The model object is a named list containing the variables to use in the model.
All variables listed in the model object must be in the data object.
model can contain less variables than data.
An element of the list is the model's name to use (see below for the list of available models).
For example, model <- list(real1 = "Gaussian", counting1 = "Poisson")
indicates a mixture model with 2
variables named real1 and counting1 with Gaussian and Poisson as model.
Some models require hyperparameters in this case, the model is described by a list of 2 elements:
type containing the model name and paramStr containing the hyperparameters.
For example: model <- list(func1 = list(type = "Func_CS", paramStr = "nSub: 4, nCoeff: 2"), counting1 = "Poisson")
.
If the model is NULL, data are supposed to be provided in data.frame or list with R format
(numeric, factor, character, NA as missing value).
Models will be imputed as follows: "Gaussian" for numeric variable, "Multinomial" for character or factor variable
and "Poisson" for integer variable.
A summary of available models (and associated hyperparameters and missing format) can be accessed by calling
the availableModels function.
Eight models are available in RMixtComp: Gaussian, Multinomial, Poisson, NegativeBinomial, Weibull, Func_CS, Func_SharedAlpha_CS, Rank_ISR. Func_CS and Func_SharedAlpha_CS models require hyperparameters: the number of subregressions of functional and the number of coefficients of each subregression. These hyperparameters are specified by: nSub: i, nCoeff: k in the paramStr field of the model object. The Func_SharedAlpha_CS is a variant of the Func_CS model with the alpha parameter shared between clusters. It means that the start and end of each subregression will be the same across the clusters.

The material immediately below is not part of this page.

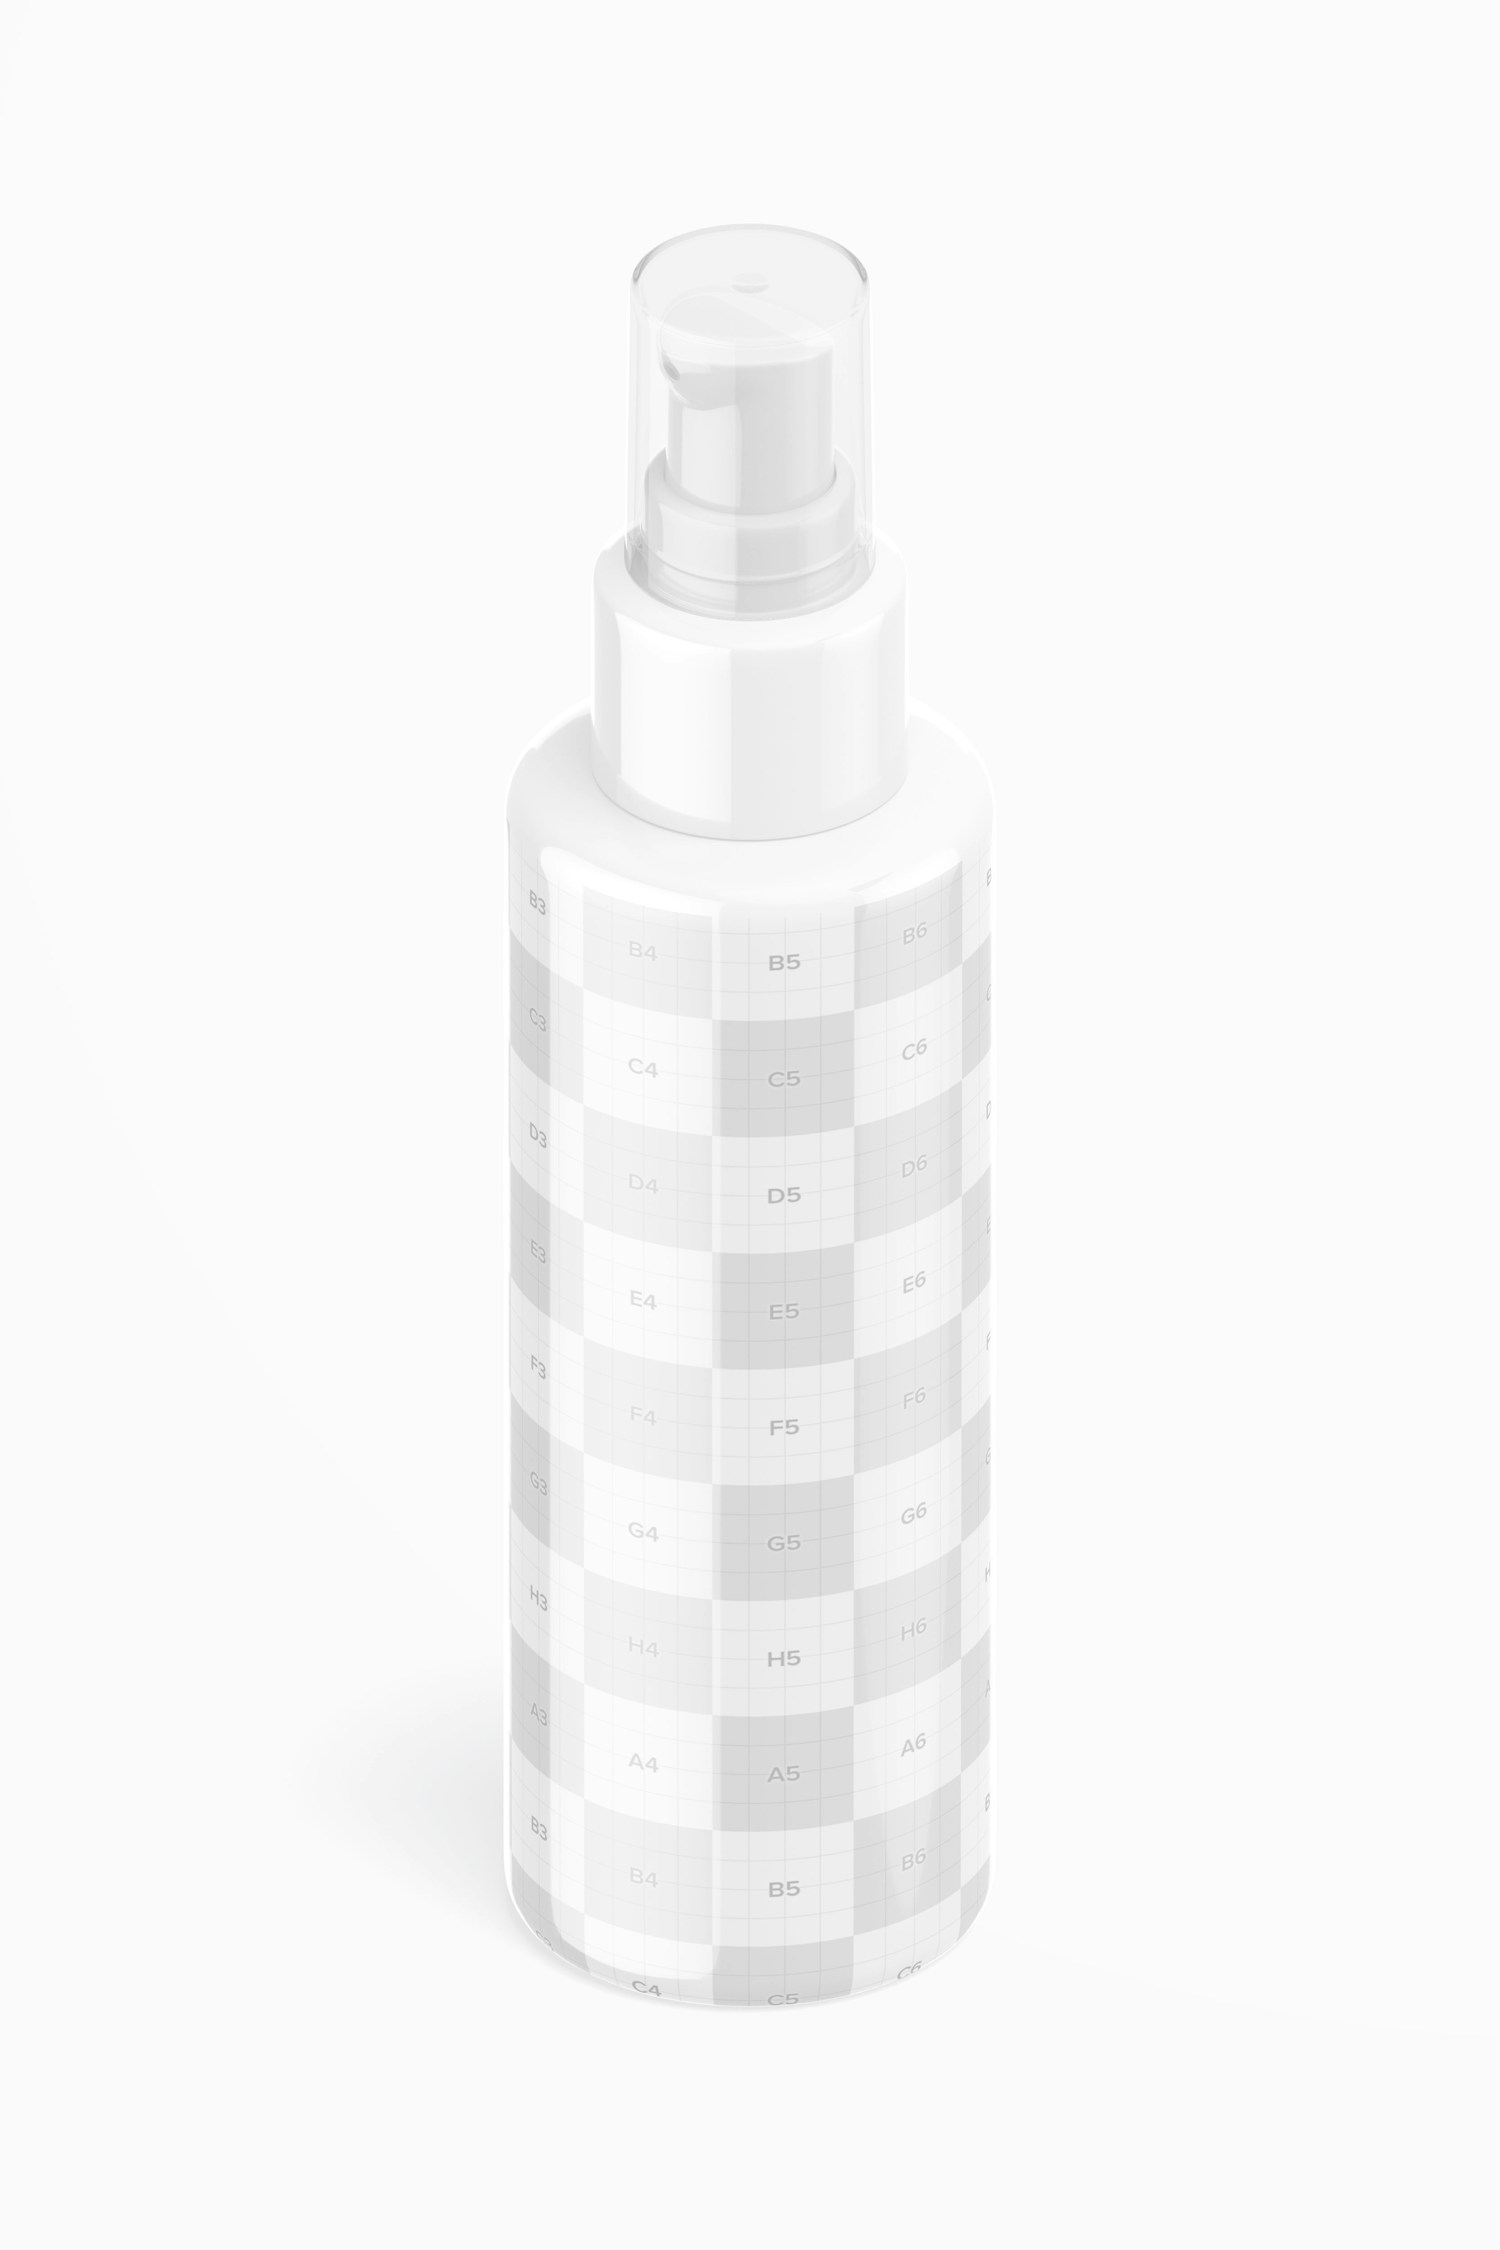 3.38 oz Pump Bottle Mockup, Isometric Right View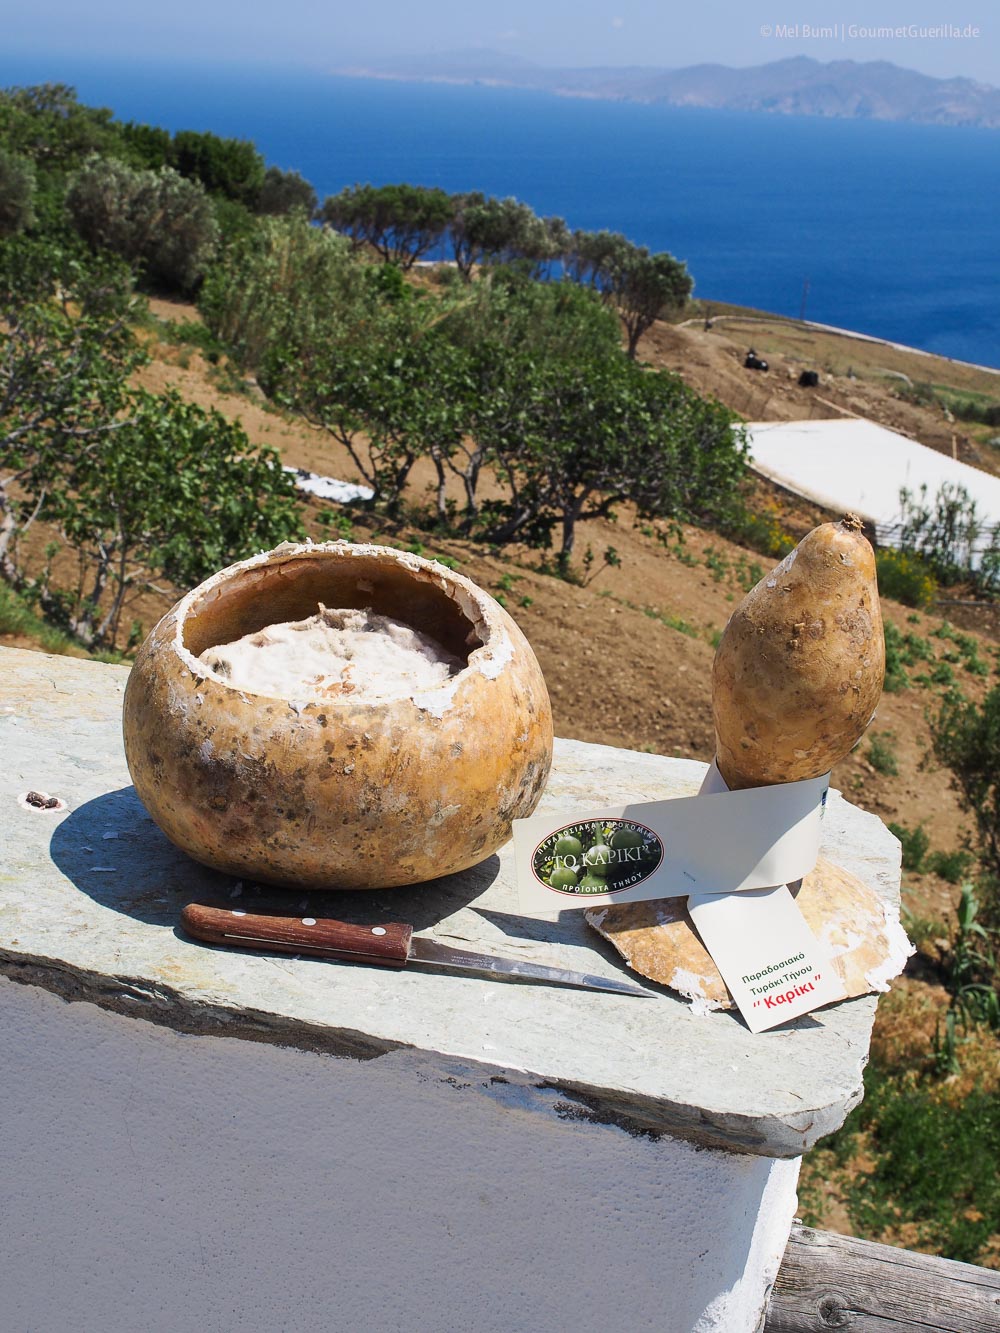  Kapiki travelogue Tinos Foodpath Greek island of Cyclades Greece | GourmetGuerilla .de

To perform a (semi-)supervised clustering, user can add a variable named z_class in the data and model objects with LatentClass as model in the model object.
The algo object is a list containing the different number of iterations for the algorithm. This list can be generated using the createAlgo function. The algorithm is decomposed in a burn-in phase and a normal phase. Estimates from the burn-in phase are not shown in output.
nbBurnInIter: Number of iterations of the burn-in part of the SEM algorithm.
nbIter: Number of iterations of the SEM algorithm.
nbGibbsBurnInIter: Number of iterations of the burn-in part of the Gibbs algorithm.
nbGibbsIter: Number of iterations of the Gibbs algorithm.
nInitPerClass: Number of individuals used to initialize each cluster (default = 10).
nSemTry: Number of try of the algorithm for avoiding an error.
confidenceLevel: confidence level for confidence bounds for parameter estimation
ratioStableCriterion: stability partition required to stop earlier the SEM
nStableCriterion: number of iterations of partition stability to stop earlier the SEM
An object of classes MixtCompLearn and MixtComp for mixtCompLearn function. An object of class MixtComp for mixtCompPredict (see details section).
See the associated vignette for more details (RShowDoc("dataFormat", package = "RMixtComp")
).
- Gaussian data: Gaussian data are real values with the dot as decimal separator. Missing data are indicated by a ?. Partial data can be provided through intervals denoted by [a:b] where a (resp. b) is a real or -inf (resp. +inf).
- Categorical Data: Categorical data must be consecutive integer with 1 as minimal value. Missing data are indicated by a ?. For partial data, a list of possible values can be provided by a_1,...,a_j, where a_i denotes a categorical value.
- Poisson and NegativeBinomial Data: Poisson and NegativeBinomial data must be positive integer. Missing data are indicated by a ?. Partial data can be provided through intervals denoted by [a:b] where a and b are positive integers. b can be +inf.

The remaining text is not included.